Workspaces and access control

On Alauda AI, MLflow is multi-tenant: each workspace is a Kubernetes namespace, and access to a workspace's experiments, runs, datasets, and registered models is authorized with Kubernetes RBAC. This guide shows how to expose a namespace as a workspace and grant users access to it.

For the underlying model, see Introduction → Multi-tenancy model.

Expose a namespace as a workspace

A namespace becomes an MLflow workspace when it carries the label selected by the MLflow configuration (mlflow-enabled=true by default). Only matching namespaces are visible as workspaces.

apiVersion: v1
kind: Namespace
metadata:
  name: team-a
  labels:
    mlflow-enabled: "true"
  annotations:
    mlflow.kubeflow.org/workspace-description: "Team A MLflow workspace"

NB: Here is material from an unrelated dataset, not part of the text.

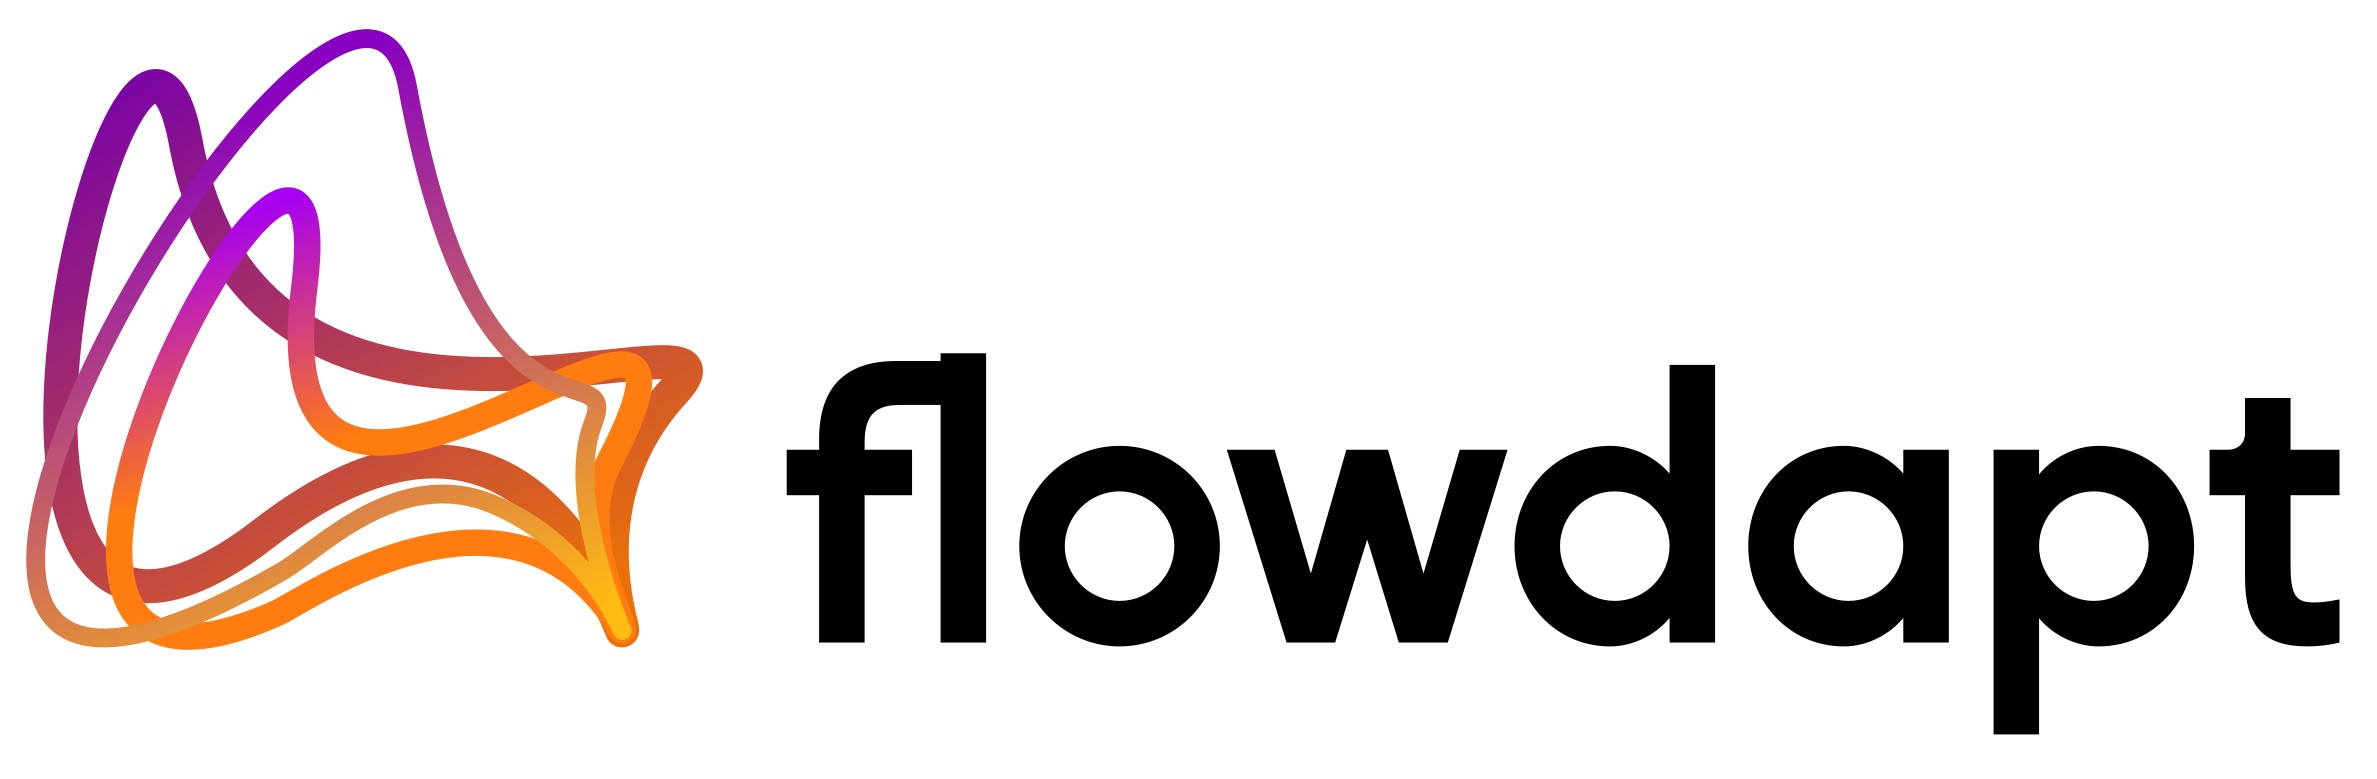 Flowdapt logo

Apply it, or label an existing namespace:

kubectl label namespace team-a mlflow-enabled=true
INFO

The tracking server's default workspace namespace must exist and be labelled before the server first starts, or it will not boot (see Installation → Prerequisites).

Grant users access

MLflow authorizes each request against the caller's Kubernetes permissions in the target namespace, using the mlflow.kubeflow.org API group. Grant access with a Role and RoleBinding in the workspace namespace:

apiVersion: rbac.authorization.k8s.io/v1
kind: Role
metadata:
  name: mlflow-manager
  namespace: team-a
rules:
  - apiGroups: ["mlflow.kubeflow.org"]
    resources: ["experiments", "datasets", "registeredmodels"]
    verbs: ["get", "list", "create", "update", "delete"]
---
apiVersion: rbac.authorization.k8s.io/v1
kind: RoleBinding
metadata:
  name: mlflow-manager
  namespace: team-a
roleRef:
  apiGroup: rbac.authorization.k8s.io
  kind: Role
  name: mlflow-manager
subjects:
  - kind: Group
    name: team-a-mlflow-users
    apiGroup: rbac.authorization.k8s.io

The group or user name in the binding must match the identity claim in the token the OAuth proxy forwards (the platform's OIDC groups/user).

Select a workspace from a client

Set the MLflow tracking URI to the in-cluster Service (or the platform route) and select the workspace:

import mlflow

mlflow.set_tracking_uri("http://mlflow-tracking-server.kubeflow:5000")  # in-cluster Service, via the OAuth proxy
mlflow.set_workspace("team-a")

with mlflow.start_run():
    mlflow.log_param("tenant", "team-a")

For raw HTTP clients, pass the workspace header:

curl \
  -H "X-MLFLOW-WORKSPACE: team-a" \
  "https://<platform>/clusters/<cluster-name>/mlflow/api/2.0/mlflow/experiments/search"

You can only use a workspace your account has access to. For full authentication details — obtaining an identity token browser-free and connecting the SDK — see Using the MLflow Python SDK with Authentication and RBAC.

Troubleshooting

  • A workspace is not visible. Verify its namespace matches the configured workspaceLabelSelector (default mlflow-enabled=true).
  • 403 PERMISSION_DENIED. The account lacks access to the workspace namespace. Add a RoleBinding for the user or group in that namespace.
  • A run shows the wrong owner or workspace. The owner is the authenticated identity; the workspace is what set_workspace() / MLFLOW_WORKSPACE selected (else the server default). Check both.